В квартире мои периодически возникающие приступы отвращения к страсти Бена сменились тревогой за его безопасность. В гостиной я театрально уставился на диван, на котором он так часто лежал, вытянувшись после долгого дня ламбетских занятий на улице: “Придавлю-ка я здесь, старина, если не возражаешь. Все веселей, чем ночью дома. Пусть Арно спит дома. Бен поспит здесь”. В кухне я дотронулся до старой железной плиты, где жарил ему в полночь яичницу: “Боже всемогущий, Нед, и это называется плитой? Похоже скорее на орудие, с которым мы проиграли Крымскую войну”.
Не сразу после того, как я выключил ночник, я вспомнил его голос, раздающийся из-за тонкой перегородки, когда он забрасывал меня одной бредовой идеей за другой – на жаргоне, которым мы пользовались, на нашем с ним языке.
– Знаешь, что нам следует сделать с братом Насером?
– Нет, Бен.
– Отдать ему Израиль. А знаешь, что нам надо сделать с евреями?
– Нет, Бен.
– Отдать им Египет.
– Почему, Бен?
– Людей может удовлетворить только то, что им не принадлежит. Знаешь историю, как скорпион и лягушка переплывали Нил?

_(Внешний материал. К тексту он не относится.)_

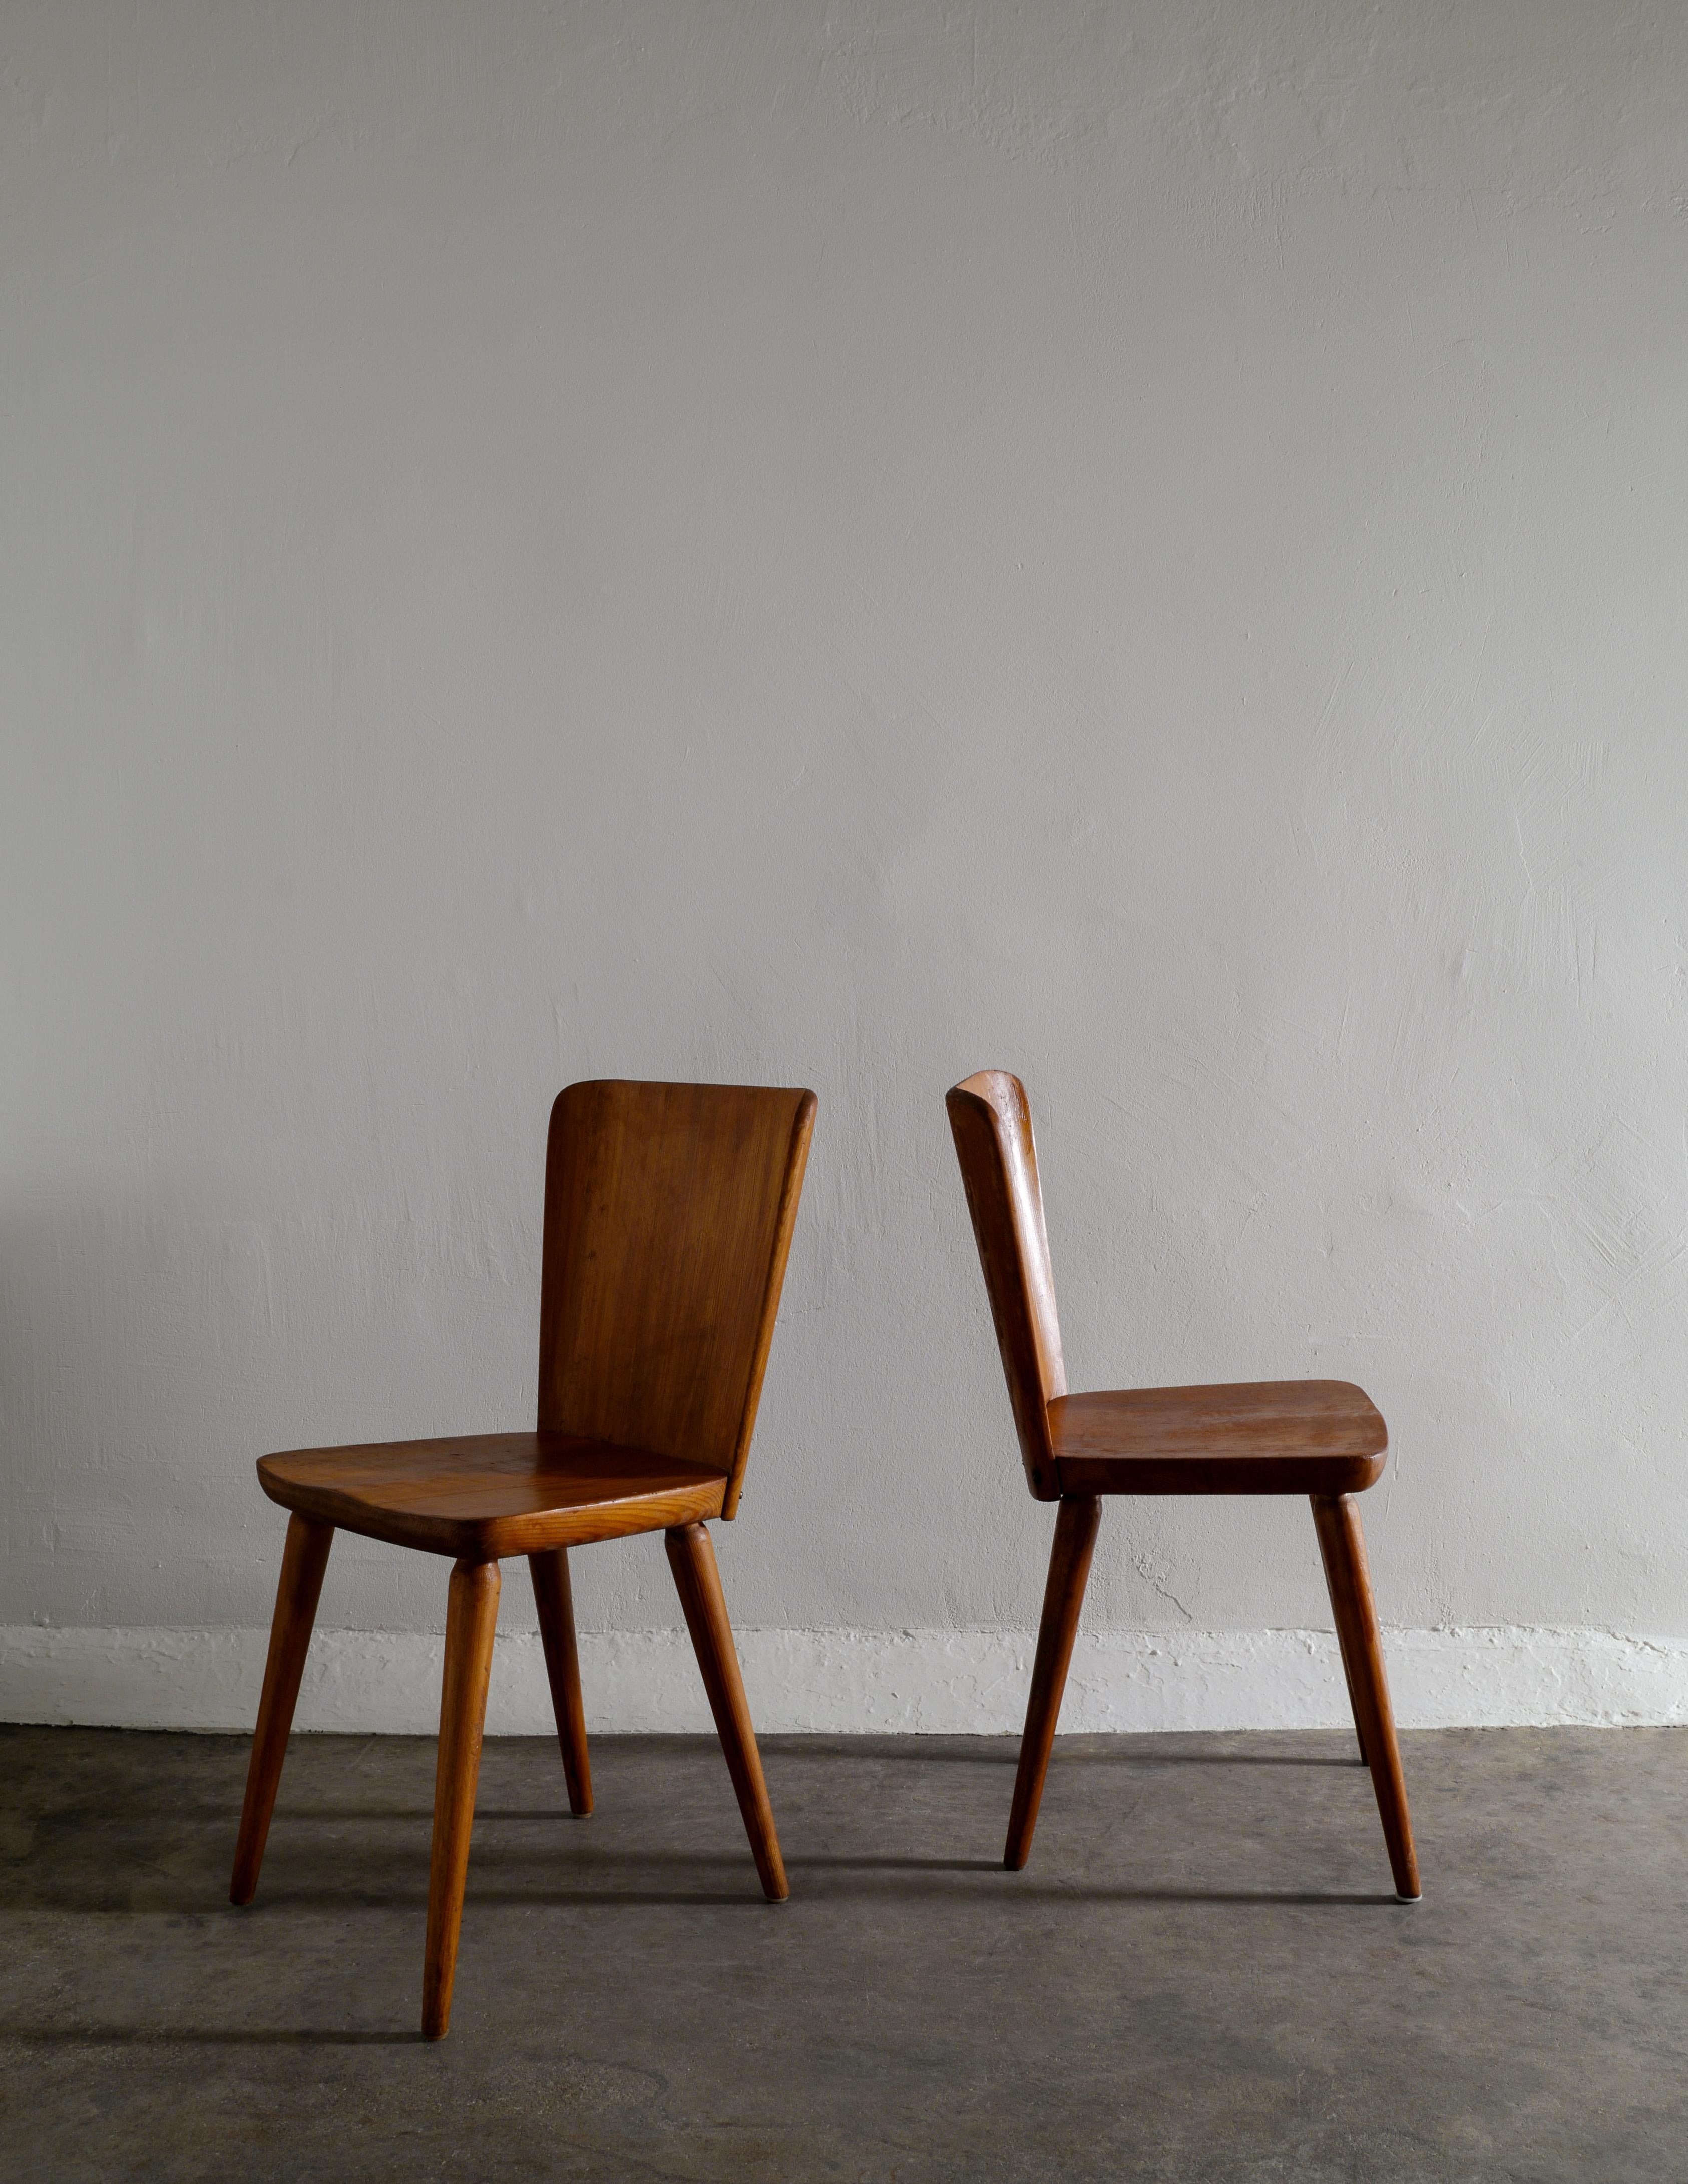 Rare set of six dining chairs in stained pine designed by Göran Malmvall for Svensk Fur in Swede during the 1940s. In good vintage condition with signs from age and use, all chairs have most likely been re-stained with a darker finish over the years

– Знаю. А теперь заткнись и спи.
Историю эту мне он все же рассказал, но на примере из реалий Сэррата. Агенту-скорпиону необходимо войти в контакт со своей командой на противоположном берегу. Лягушка – двойной агент – делает вид, что хочет купить легенду скорпиона, потом выдает ее своим казначеям.
А утром он ушел, оставив лишь записку в одну строчку: “Увидимся в нашей тюрьме для несовершеннолетних” – так он называл Сэррат. “С любовью, Бен”.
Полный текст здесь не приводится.